Chris, I was wondering the same...









1 von, 1 vom and 3 zums here.


----------



## Syaoransbear (Sep 25, 2008)

I was just wondering what the purpose of having von _something_ or vom _something_ is in a german shepherd name?


----------



## GSDextrodinaire (Dec 15, 2002)

5 vom 1 von and 1 von der


----------



## lilysmom (Dec 27, 2000)

One for "vom"


----------



## mnm (Jan 9, 2006)

Viggo vom Adel Haus - vom

Enni van Klipgaarden - van

Odessa vom Haus Pe-Ja - vom

Nicholas zur Bindenburg - zur

That's 2 vom's, 1 van and 1 zur


----------



## DianaM (Jan 5, 2006)

> Originally Posted By: SyaoransbearI was just wondering what the purpose of having von _something_ or vom _something_ is in a german shepherd name?

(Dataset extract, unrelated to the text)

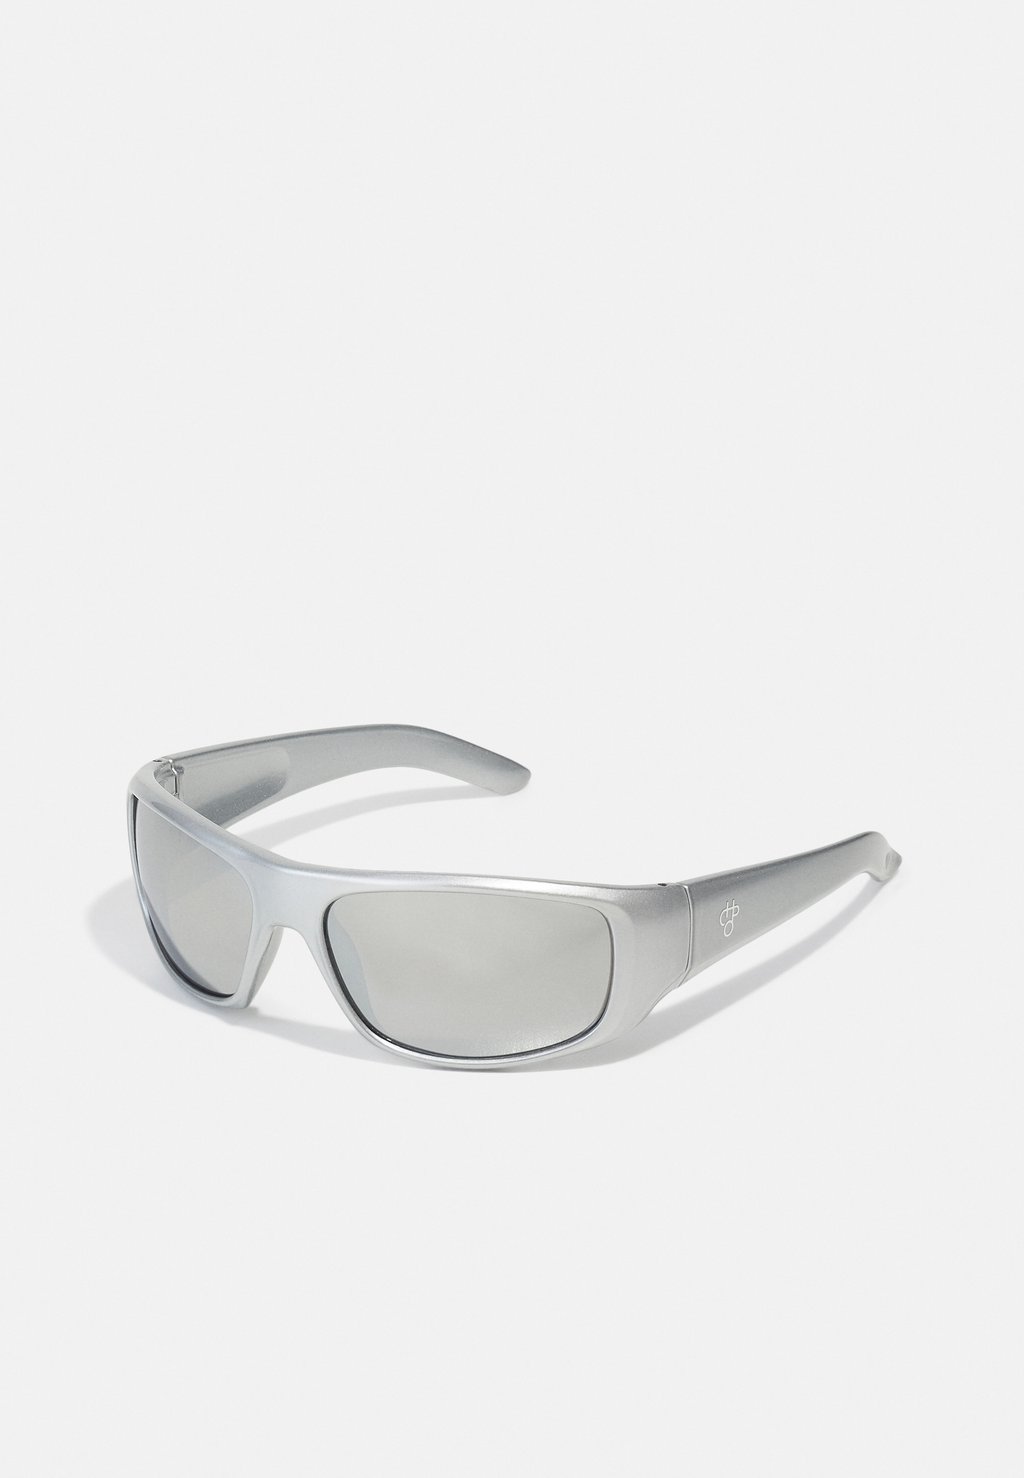 Солнцезащитные очки Ingemar Unisex CHPO, цвет silver-coloured солнцезащитные очки unisex gucci цвет black silver coloured
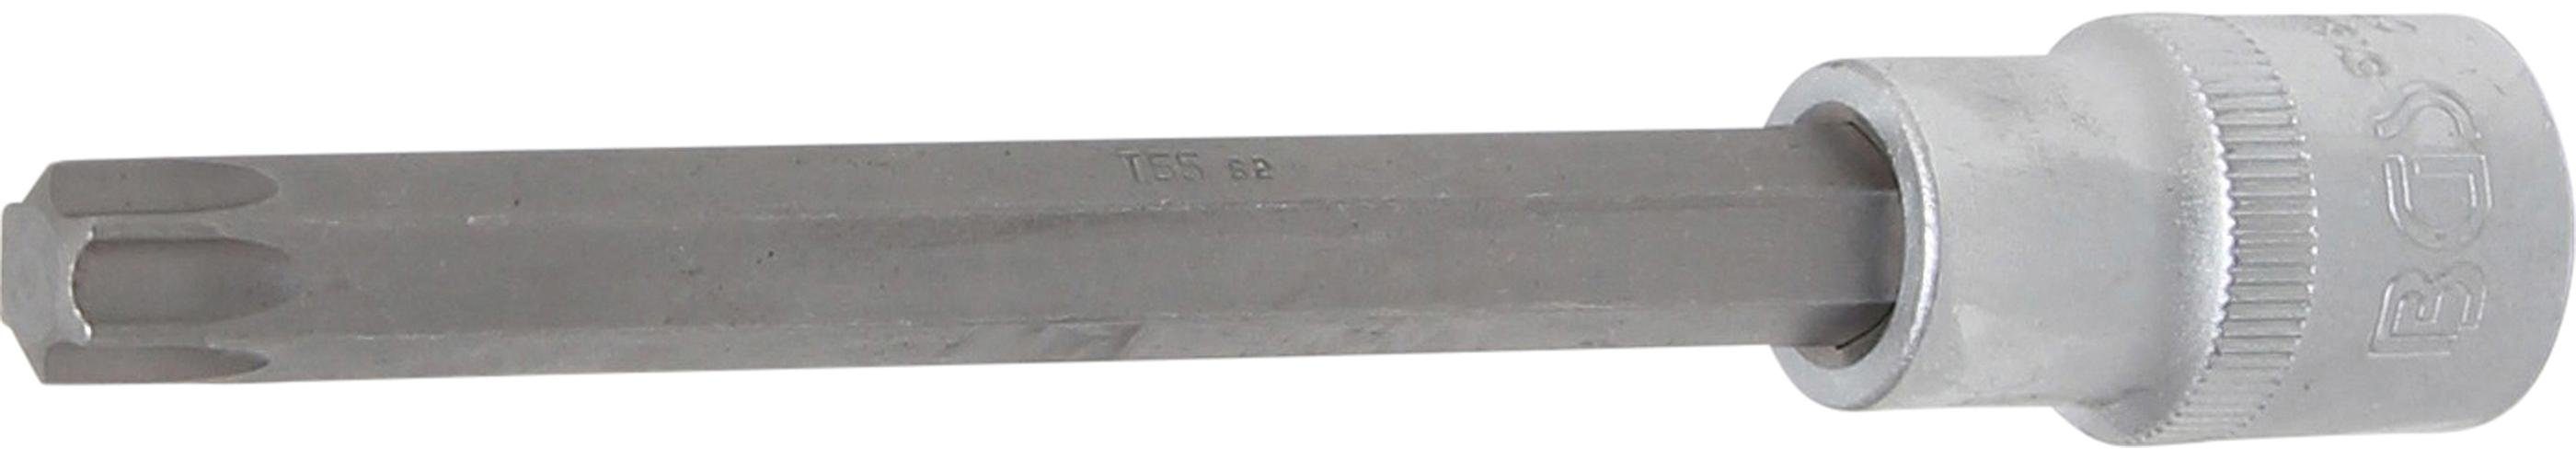 BGS technic Bit-Schraubendreher Bit-Einsatz, Länge 140 mm, Antrieb Innenvierkant 12,5 mm (1/2), T-Profil (für Torx) T55

That "something" is the kennel name.









Ajax vom Bratwurst literally means "Ajax of Bratwurst (kennel)." That way, we know that Ajax came from the Bratwurst kennel/breeder. For many American breeders, they would list it as Bratwurst's Ajax or have an even fancier name like Bratwurst's Shining Ajax. Either way, we still know the dog came from the Bratwurst kennel.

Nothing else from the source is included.